_Work required_:
Pictures are to be dropped from the copy. Retype the listing exactly.
Data extract START
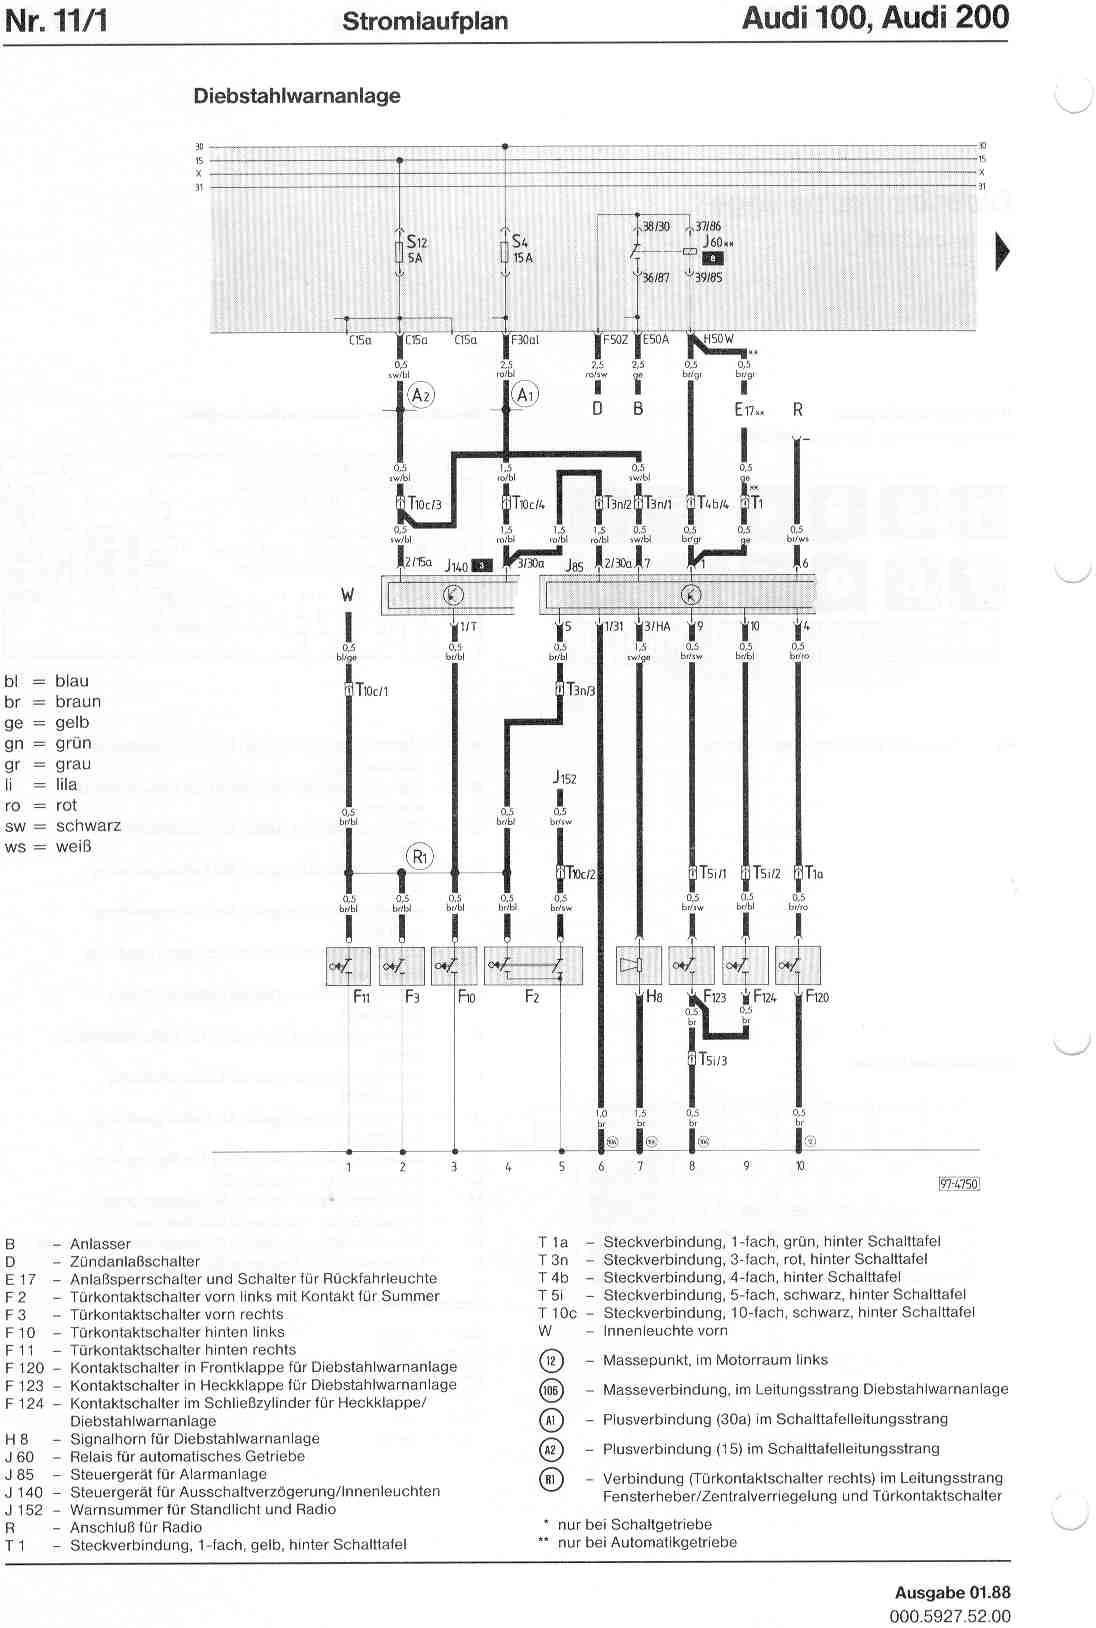 Audi C4 Wiring Diagram -2005 Grand Cherokee Wiring Diagram   Begeboy Wiring  Diagram Source   Audi C4 Wiring Diagram      Begeboy Wiring Diagram Source
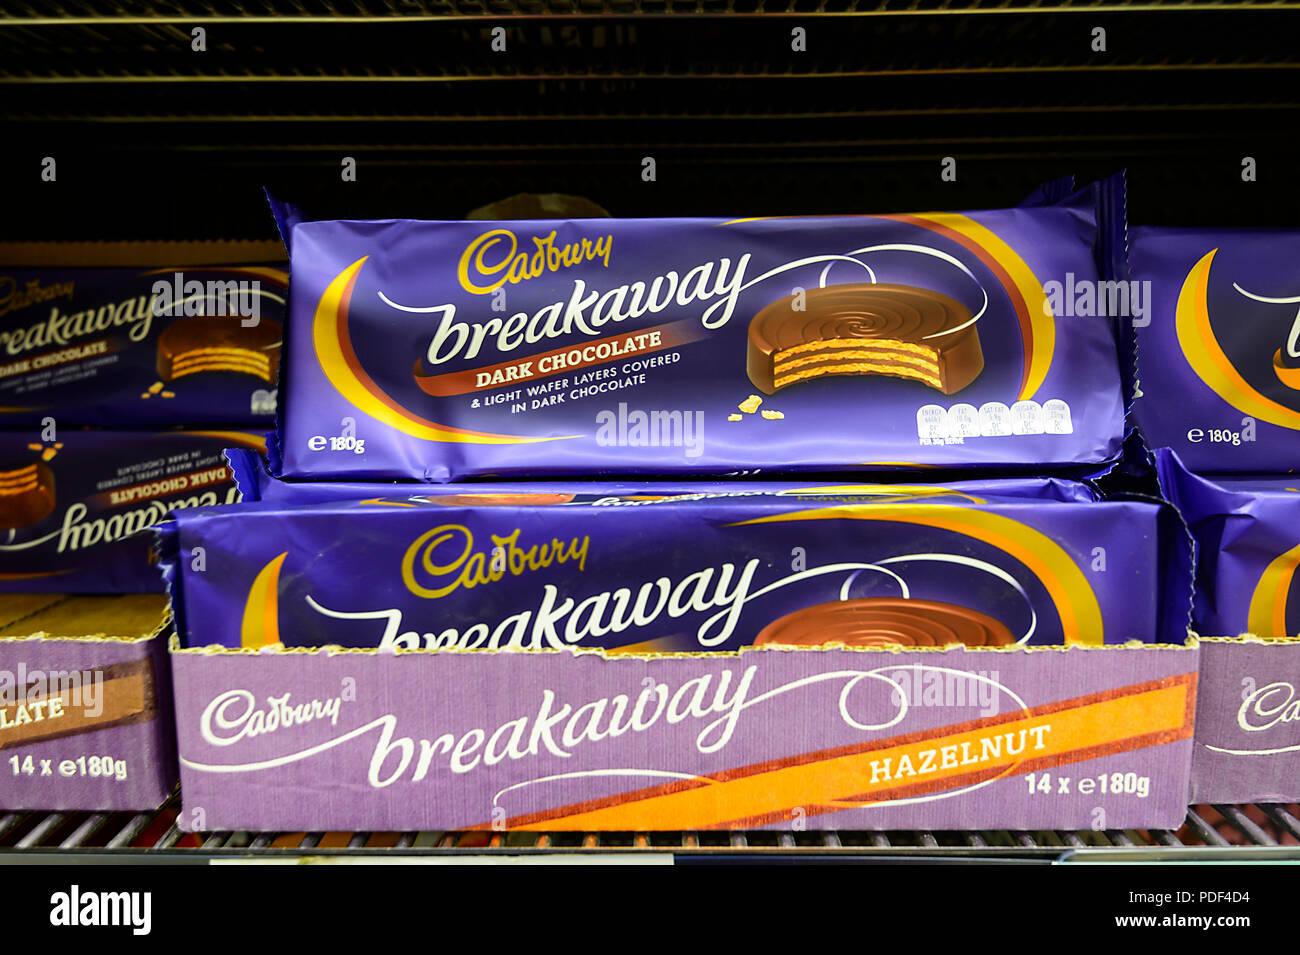 Bars of Cadbury breakaway chocolate on a shelf - Stock Image
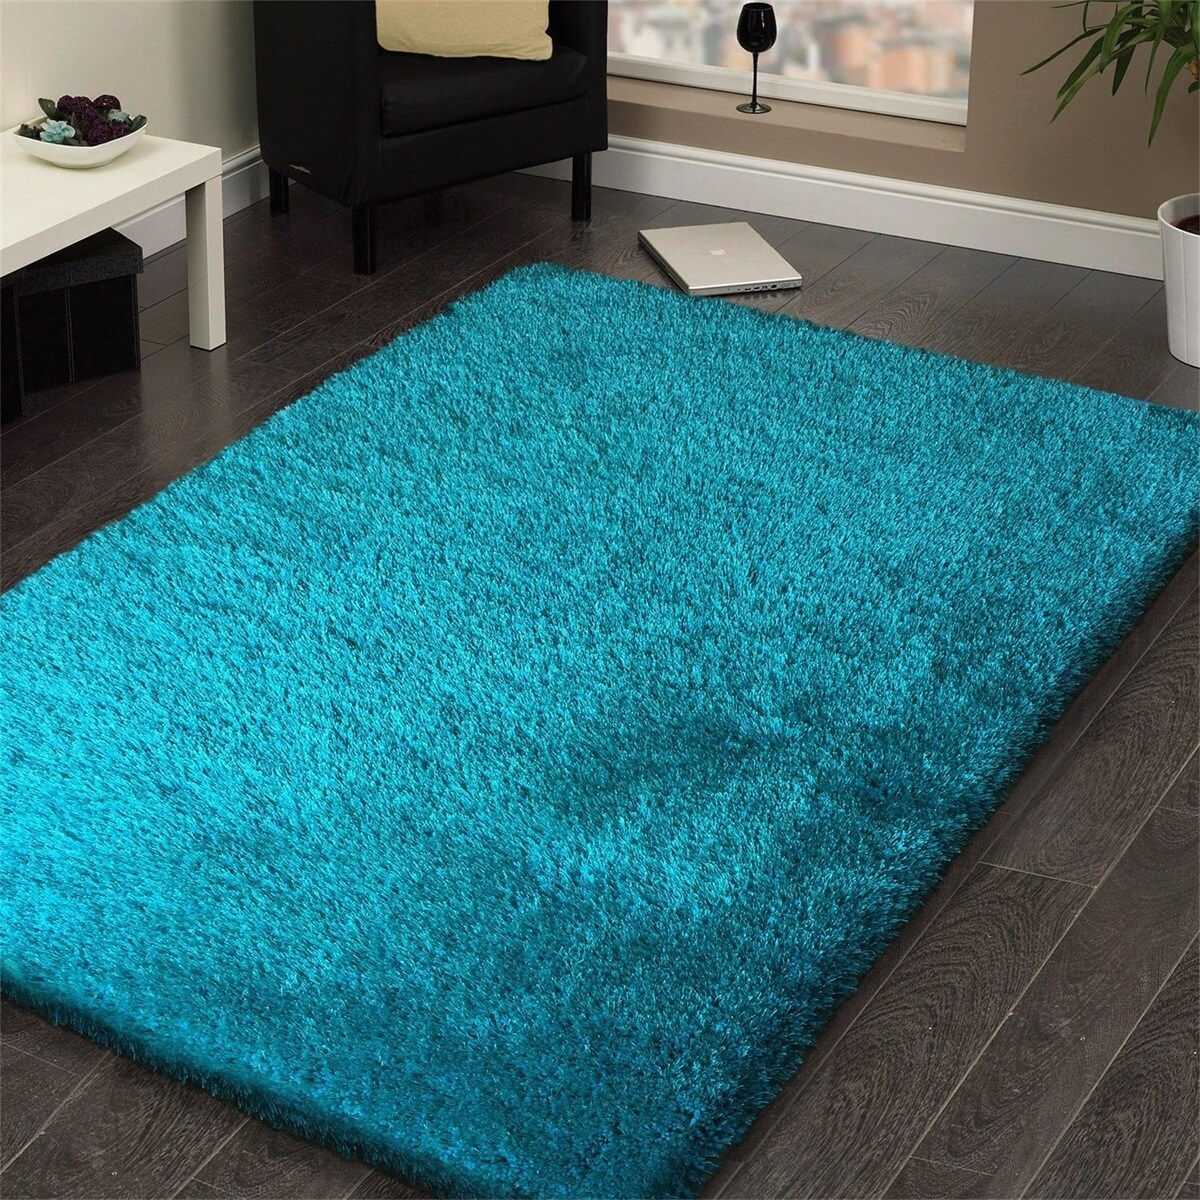 Handmade Turquoise Shag Area Rug (5' x 7') (Turquoise), B...
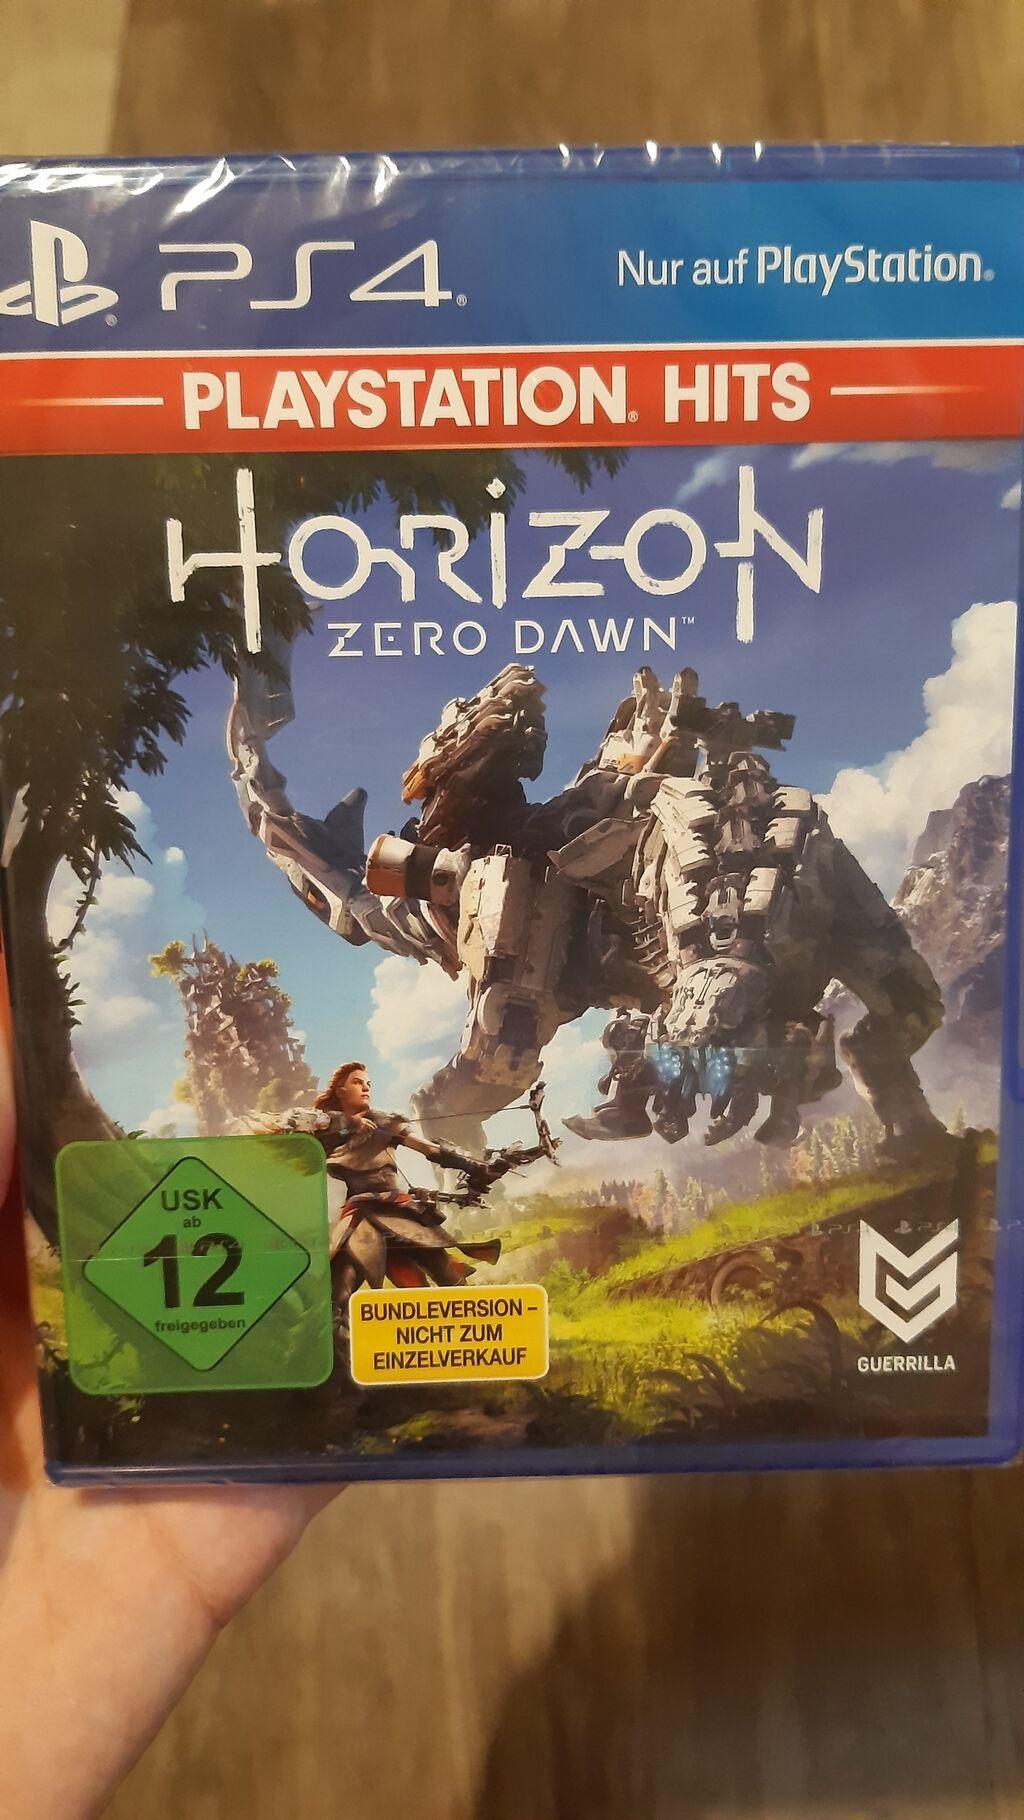 HORIZON ZERO DAWN Igrica za PS4 nova neotpakovana u celofanu   Oglas postavljen 17 Jul 2021 01:48:59: HORIZON ZERO DAWN Igrica za PS4 nova neotpakovana u celofanu
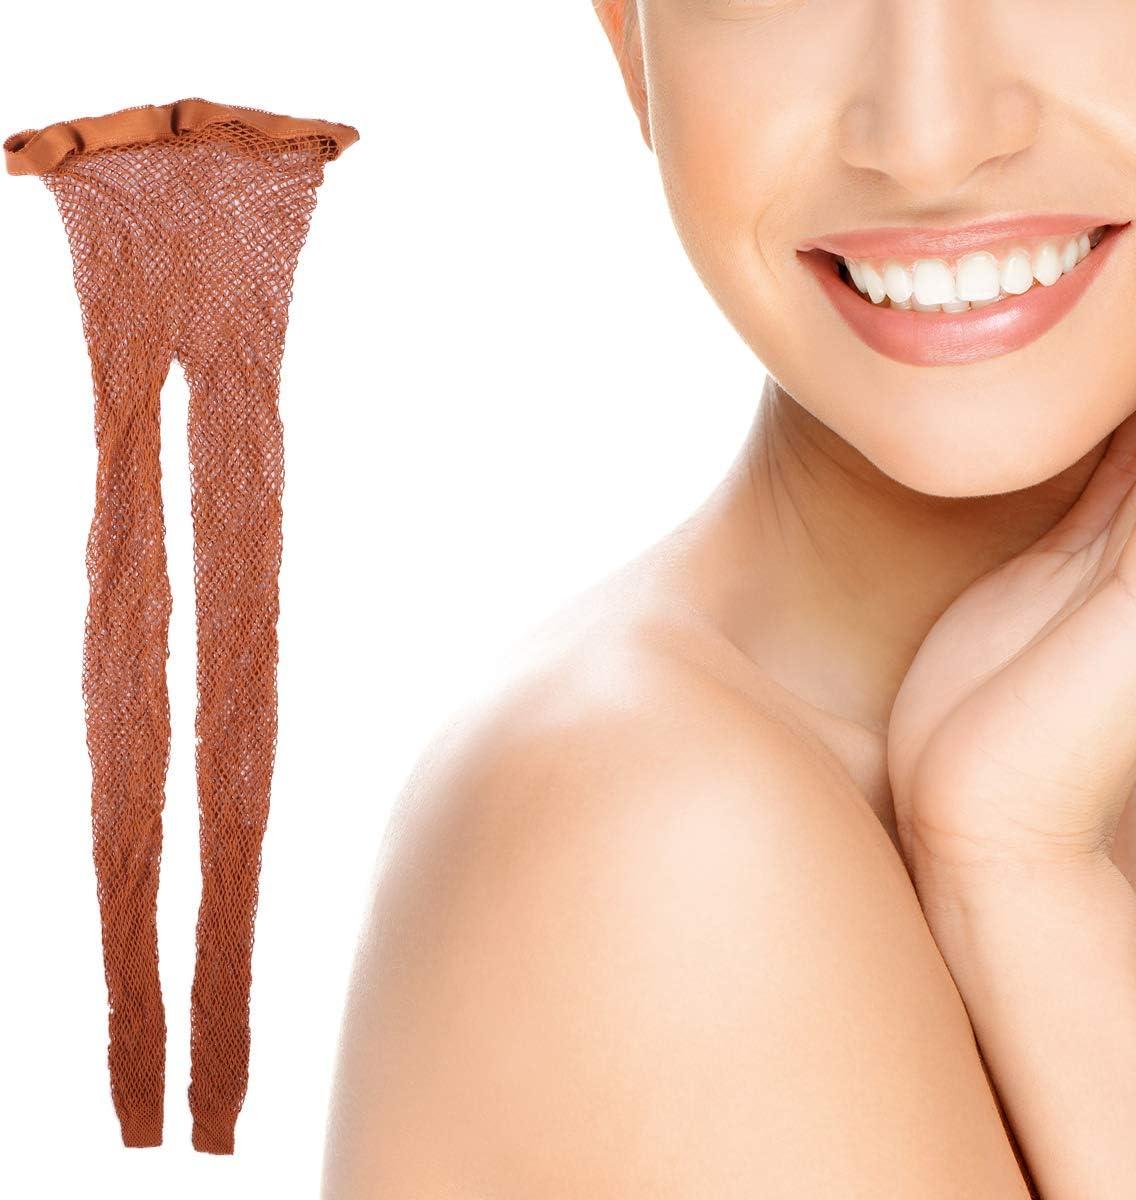 Caramel FENICAL Collants R/ésille Femmes Bas Collants Taille Moyenne Filet Moyen Trou
Data extract END
_Output for this exercise_:
 Audi C4 Wiring Diagram -2005 Grand Cherokee Wiring Diagram   Begeboy Wiring  Diagram Source   Audi C4 Wiring Diagram      Begeboy Wiring Diagram Source
 Bars of Cadbury breakaway chocolate on a shelf - Stock Image
 Handmade Turquoise Shag Area Rug (5' x 7') (Turquoise), B...
 HORIZON ZERO DAWN Igrica za PS4 nova neotpakovana u celofanu   Oglas postavljen 17 Jul 2021 01:48:59: HORIZON ZERO DAWN Igrica za PS4 nova neotpakovana u celofanu
 Caramel FENICAL Collants R/ésille Femmes Bas Collants Taille Moyenne Filet Moyen Trou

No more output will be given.